## Provided entries
=======
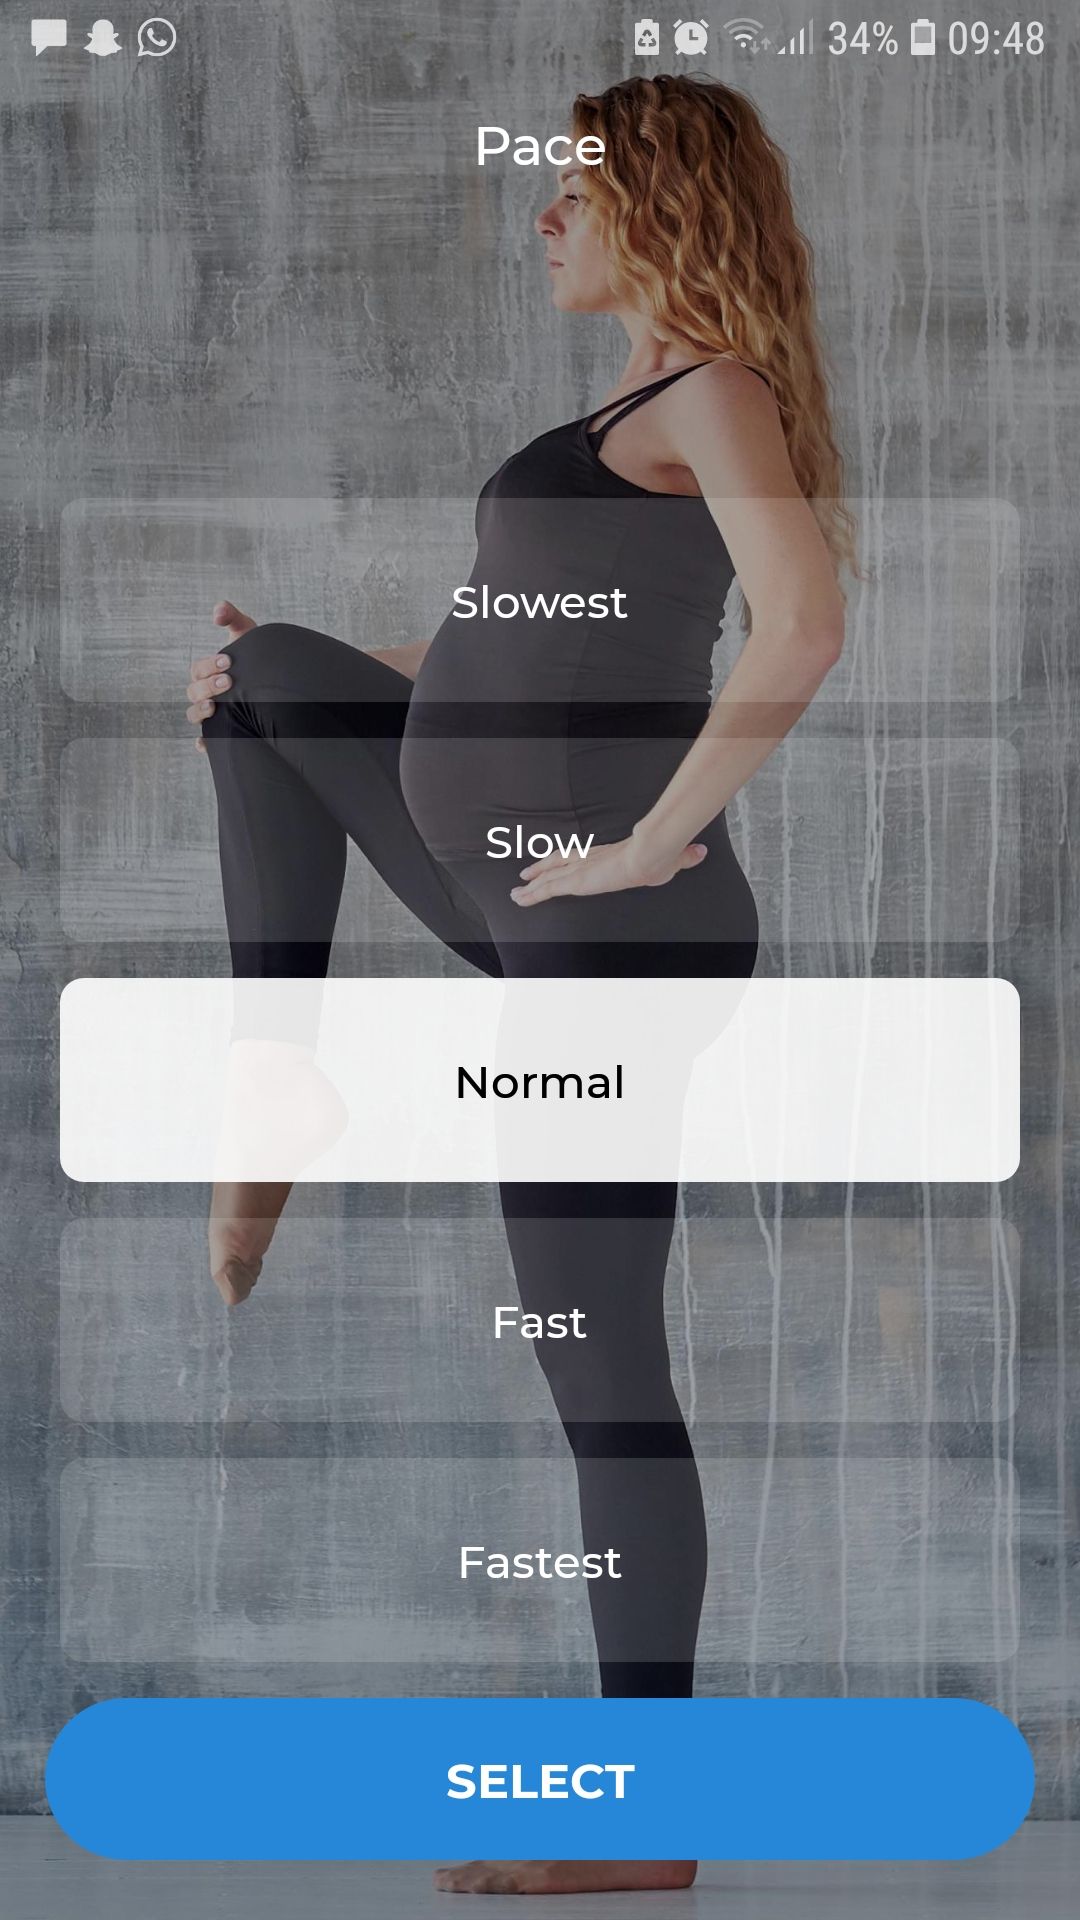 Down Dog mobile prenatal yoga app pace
=======
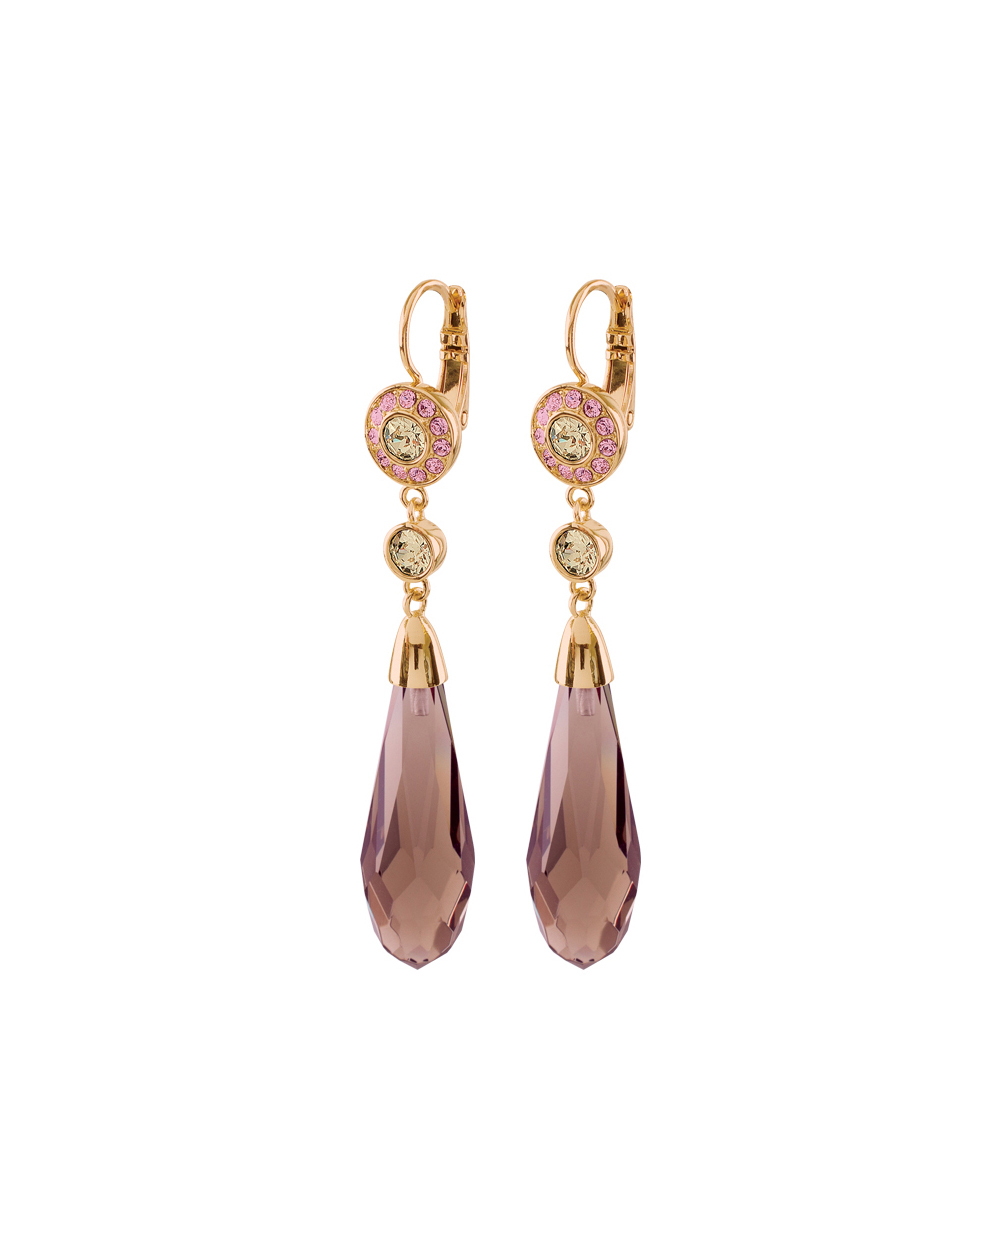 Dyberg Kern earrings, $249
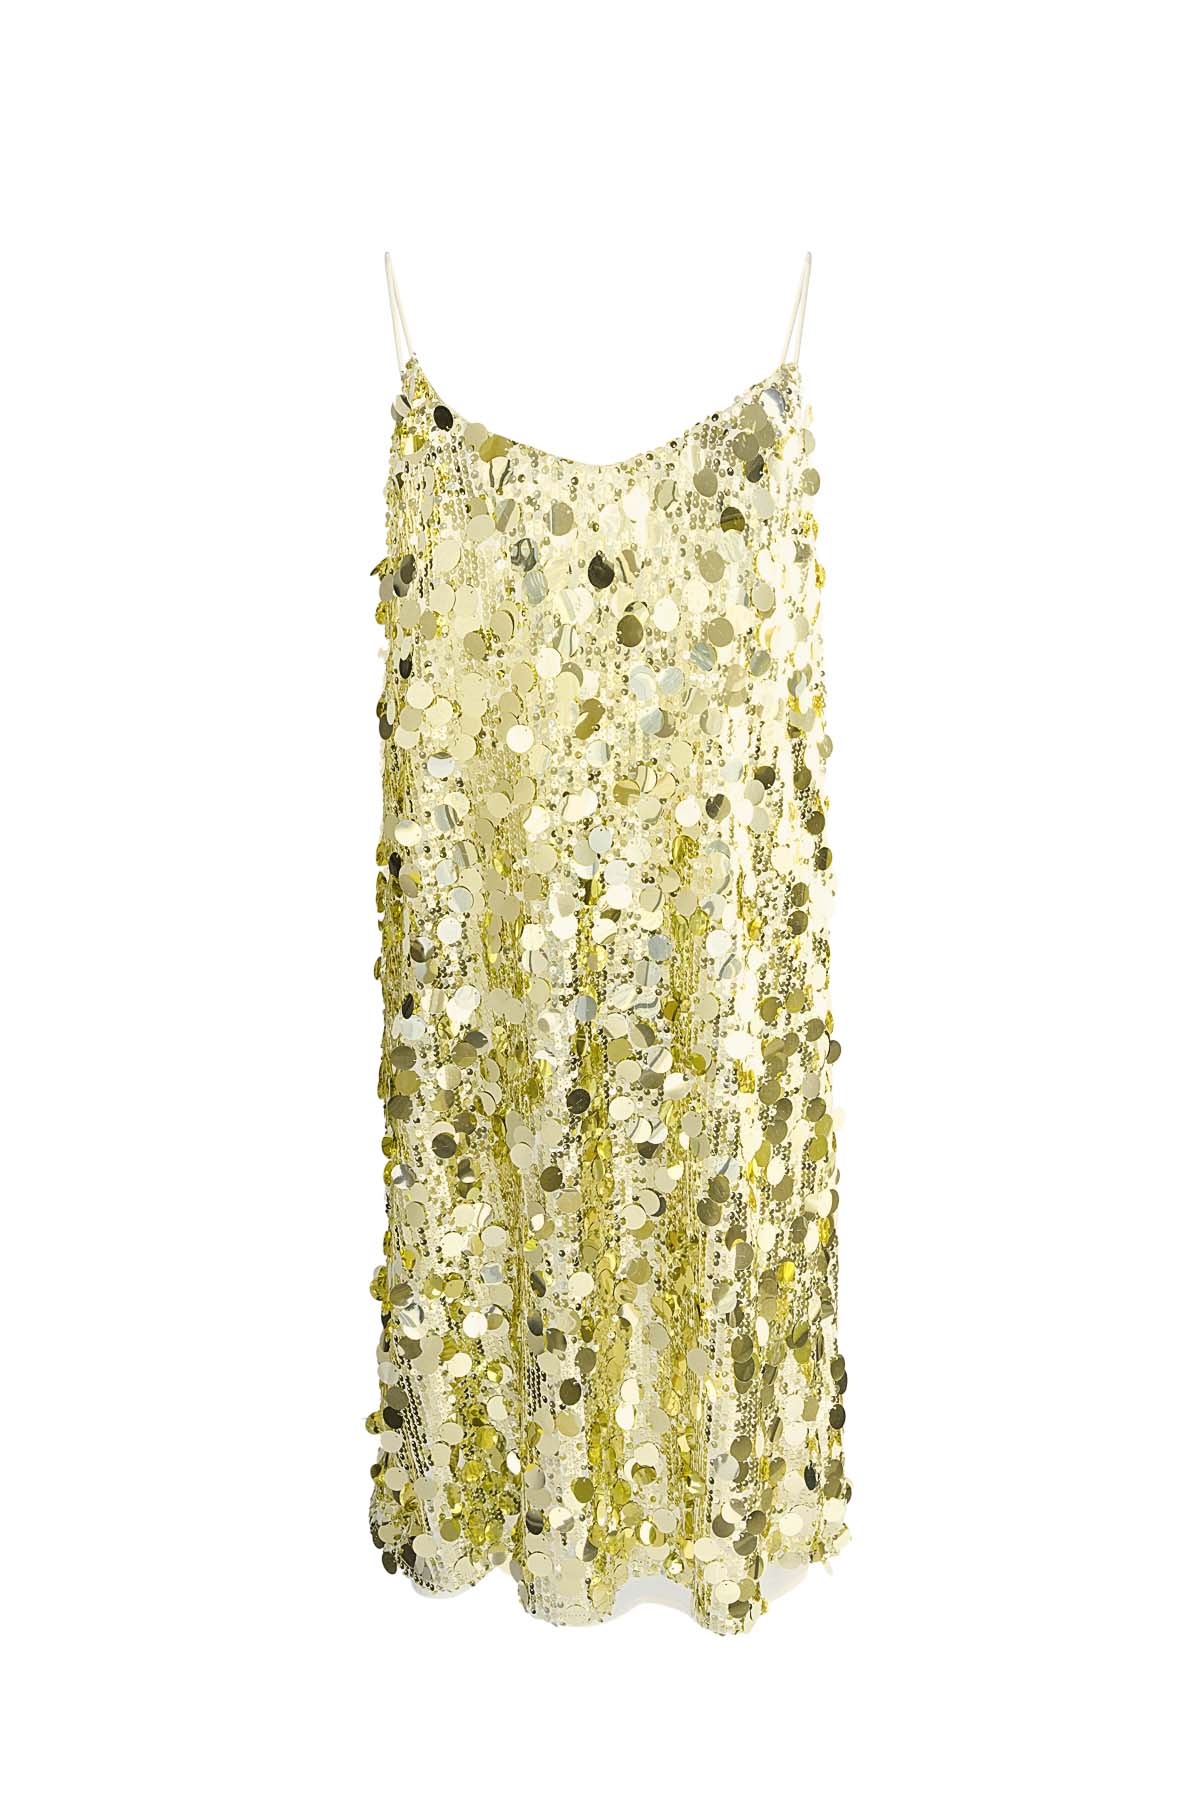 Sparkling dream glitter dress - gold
=======
## Requirement
Return word for word the lines of the listing above, starting at the line with "Dyberg Kern earrings, $249" and ending at the line with "Sparkling dream glitter dress - gold", both included. Pictures do not belong in the copy.

## Response area
 Dyberg Kern earrings, $249
 Sparkling dream glitter dress - gold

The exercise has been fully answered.